Says Mr Morris: "What they want is for regulation to be more judgemental, less about the rule book. But this is actually already in place. Firms are already being told to sell loss-making subsidiaries, to change chief executives, or to not launch certain new products. The changes are really like giving the watchdog a new collar and saying 'look what sharp new teeth it has'."
However, he adds: "What does differ is that the Bank of England dominates the landscape and the FPC holds a pivotal position. It is the glue between the economy and regulation.
"Overall I think it is a good thing. This is the whirlwind brewing in the City. None of it will be new, firms will have been feeling the wind.
"But for the economy as a whole, regulation should be smarter."
The Government will be pleased with the last comment. It has been caught on the horns of a nasty dilemma: despite all the talk of reducing Britain's over-reliance on financial services, it still accounts for 10-15 per cent of GDP; maybe more.
Ministers might decry bankers' bonuses and the conduct of financiers, but faced with a black hole in the public finances, they need the City and especially its tax revenues.
How then, to foster its success without exposing the taxpayer if it all goes wrong again?
Treasury sources say the shake-up is the answer to the dilemma. The Bill to create the new set up had its second reading on 6 February and the aim is for Royal Assent by the end of the year.
The Treasury minister Mark Hoban said in a recent speech: "Ineffective regulation and supervision of banking, and a banking system that pumped the economy full of cheap money, is the very reason we were confronted by a massive contraction in our economy. It is only through reform that we can ensure the stability of the financial sector as a foundation for the sustainable flow of lending to households and businesses across the economy.
"It's the kind of stability that we have brought to the financial sector by ensuring that our banks build their capital and liquidity reserves and lead efforts for greater transparency in the financial system, and through this Government's commitment to fundamental, regulatory reform."
As for the banks which have to deal with the changes, they will publicly voice support. No bank wants to get off to a bad start with its new regulator.
But behind the scenes they fear the Treasury's confidence is misplaced.
Says one senior banker: "We want to know where accountability sits. The problem with the PRA is that a regulator doesn't want things to fall over on their watch.
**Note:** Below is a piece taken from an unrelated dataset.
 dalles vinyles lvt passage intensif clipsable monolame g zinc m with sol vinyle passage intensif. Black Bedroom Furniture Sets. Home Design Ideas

The risk with the PRA is that it is staffed by people whose job is to ensure safety. And they want 100 per cent safety, which means we won't be able to lend anything.
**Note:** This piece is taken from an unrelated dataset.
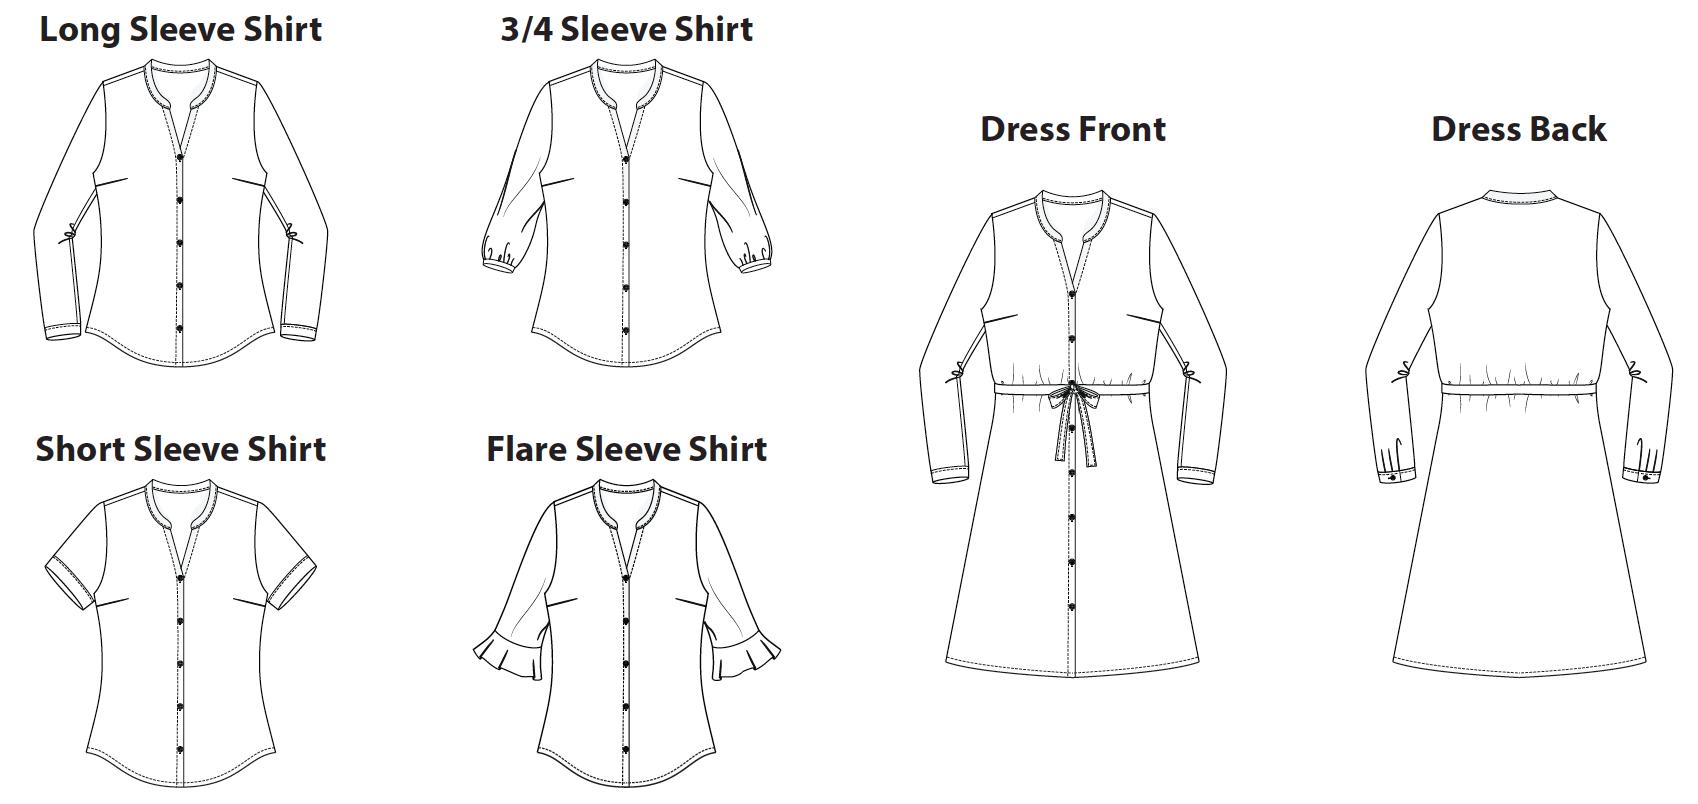 Bonn Shirt & Dress Digital Sewing Pattern (PDF) - Itch To Stitch

"And yet, from other side you have politicians saying go out lend, don't worry about your client's history or whether people can pay back. Just lend. No one wants to go back to what we had before. It penalises prudence and rewards those who go wrong with a bailout. But getting the balance right is crucial. There is a sweet spot. The risk for the new structure is ... that they go too far in pushing safety first."
David Buik, the veteran City commentator, is slightly more upbeat.
He says: "Hindsight is the greatest trader on earth! However, I think we can take it as read that when Gordon Brown asked Sir Howard Davies to embrace nine regulatory authorities under one roof – which eventually became the FSA – Sir Howard probably bit off more than anyone could chew.
"This Government's decision to put the FSA under the umbrella of the Bank of England must be correct.
"The number of fines for improper behaviour has increased and the protection of the consumer has tightened up significantly, and the installment of Andrew Haldane as the man in charge of financial stability should ensure that there is no repetition of the disasters and machinations of 2007/9."